Posted by: Katy | 2011.01.12 at 08:31
Oh my, once again you make me want to go to Turkey asap! Those fish look amazing. I love anchovies too, all kinds, but especially the white ones cured in vinegar served in Spain and Italy.
Those fried ones you had remind me of the fried smelt my Sicilian grandmother used to make when I was a kid.
Posted by: Kristina | 2011.01.12 at 11:26
We're yet to make it to the Black Sea regions but are determined to head there when it's hamsi season. Love the stuff! Looks like you've enjoyed more than your fill of it. :)
I've heard there's even a hamsi dessert in the Black Sea area(!) Did you see any evidence of it?
Julia
Posted by: turkey's for life | 2011.01.12 at 16:54
The pictures look amazing. And the anchovies look really good.
Posted by: ThirstyPig | 2011.01.12 at 17:22
Eat Hamsi only at Blacksea, not at Istanbul.
As a person from Blacksea living at Istanbul, I eat Hamsi rarely at Istanbul. Their taste are different. For me Fish has two class; hamsi and others. Try next time "hamsi kuşu" / "hamsi bird".
Posted by: Mesut | 2011.01.12 at 17:43
I adore anchovies but have never had them fresh! Are they small enough to eat whole (bones and guts too)? I notice that someone is eating around the spines!
Posted by: Su-Lin | 2011.01.12 at 20:43
Oh! Now I really crave hamsi. I am Romanian and we call these little wonders "Hamsii" :).
Can't wait to have some by the Black Sea in Romania. Loved your post immensely!
Posted by: Raluca | 2011.01.13 at 00:11
what is it about your photos that even though i have been to some of the places you photograph- they make me want to go and discover those v same places - as if i had never been! utterly gorgeous. as always. happy new year to you and yours. x shayma
Posted by: shayma | 2011.01.13 at 05:06
bravo you two - the post of 2011 thus far! :)

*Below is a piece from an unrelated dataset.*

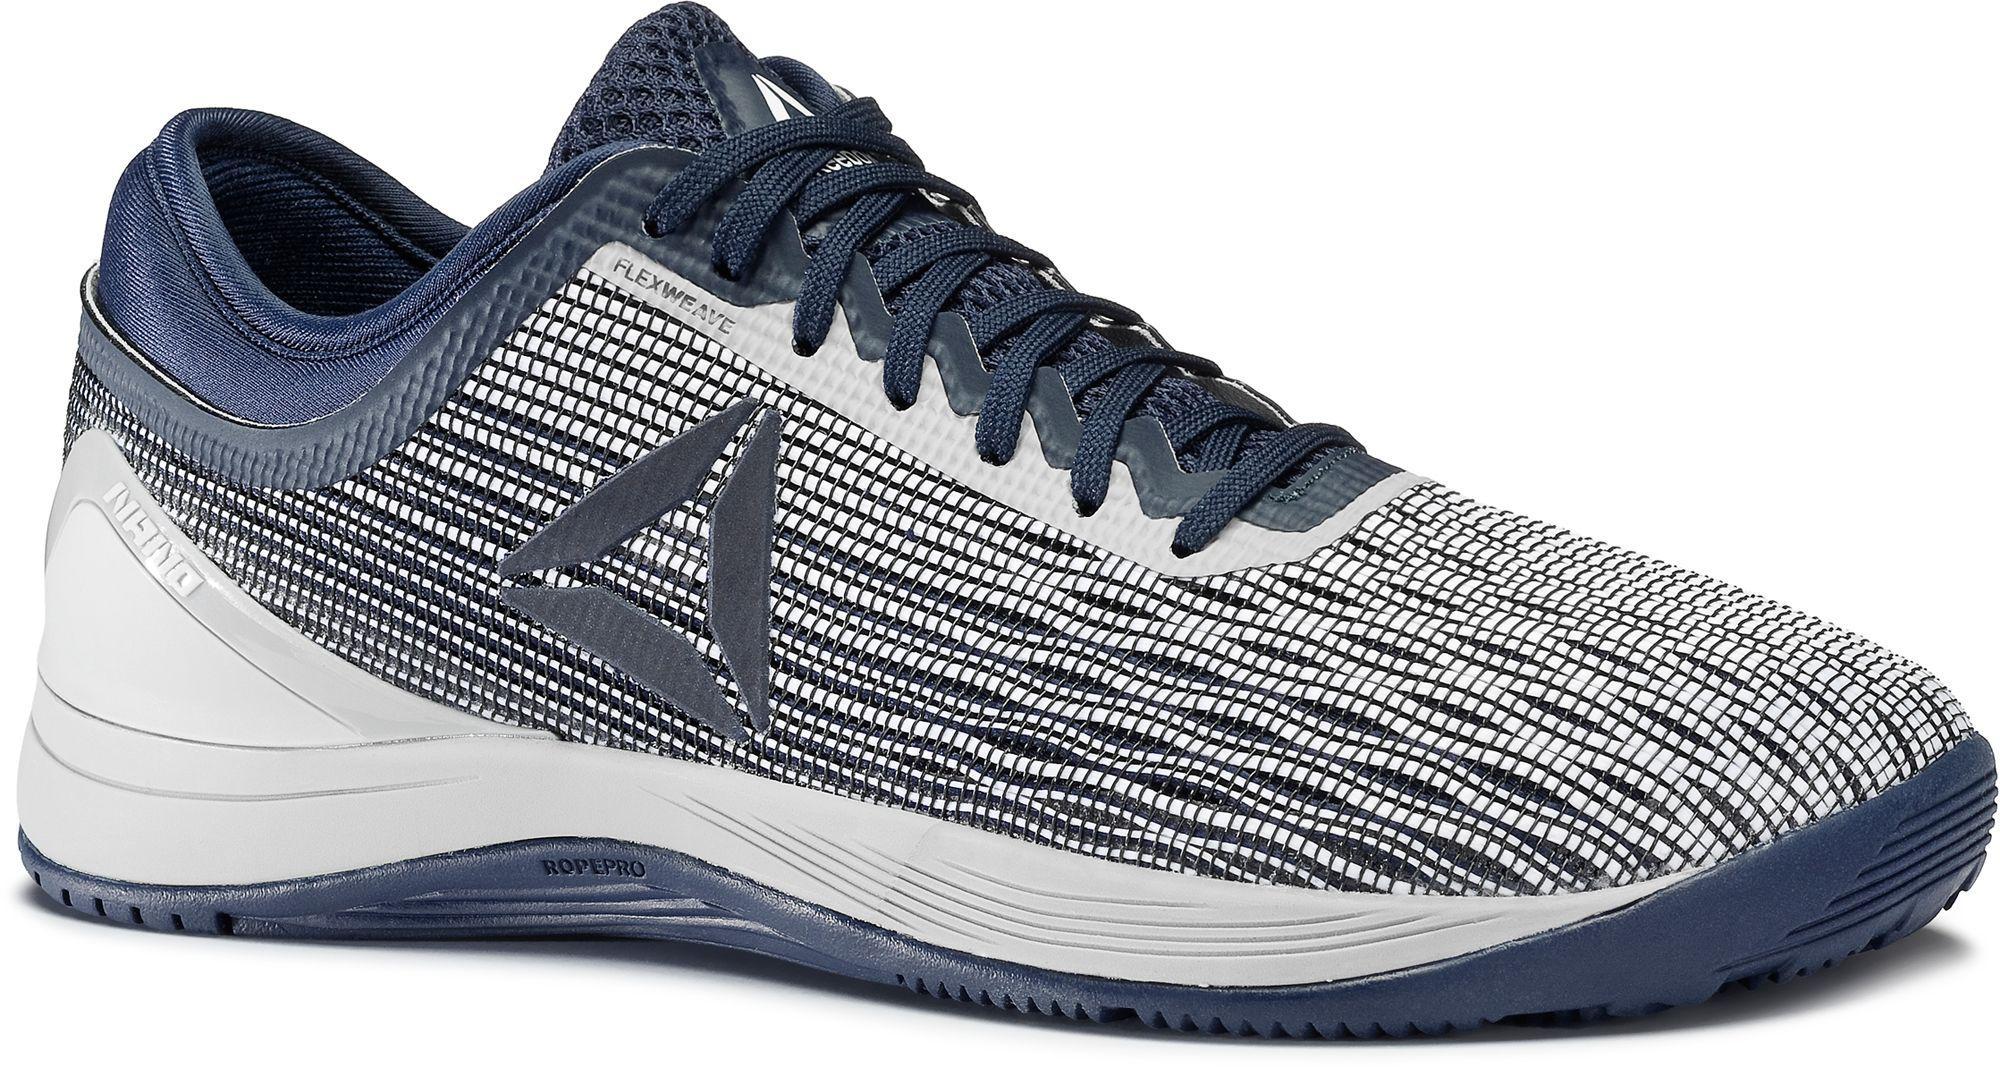 c66a9e334919 Lyst - Reebok Crossfit Nano 8.0 Flexweave Training Shoes in Blue for Men

seriously though, i absolutely love this piece. there's so much depth of emotion in every sentence and yet it's completely unsentimental.
thanks so much for your wonderful writing robyn, and thanks for the beautiful pictures dave xxx
Posted by: Jessie | 2011.01.13 at 05:39
Wow. I was already missing hamsi really bad, being a Turkish expat and living in landlocked Switzerland, of all places. It is definitely my favorite fish, or actually it's a different category in itself in terms of distinctiveness and amount of flavor, not just "fish".
Again, just wow.
Posted by: locke | 2011.01.14 at 04:16
Wow, what a great post to mark the year 2011! Kudos to you two =) I'm a big fan of seafood and fish in particular takes a special place in my heart. Thanks for the wonderful introduction to the world of anchovies, it really gave me a good reason to visit Turkey!
Posted by: Stephanie | 2011.01.14 at 12:41
Robyn, so much about superstition; it just occur to me, your ‘fish quest’ first of the year is a sign of good luck! You know the Chinese tradition to have a fish dish in the New Year, the Chinese idiom called 年年有餘 (nián nián yǒu yú) and 魚 (fish) and 餘 have the same pronunciation.
Chinese created 年年有"魚", which means there's "fish" every year (to eat). 年年有"餘", means there's “leftover money” every year (to spend). Though the original word, left side means’ food’, right side means ‘I’ – together means “always food for me to eat”.
Thought you might like that $$$!
Posted by: Katy | 2011.01.14 at 19:40
this is one of my favorite post from you guys.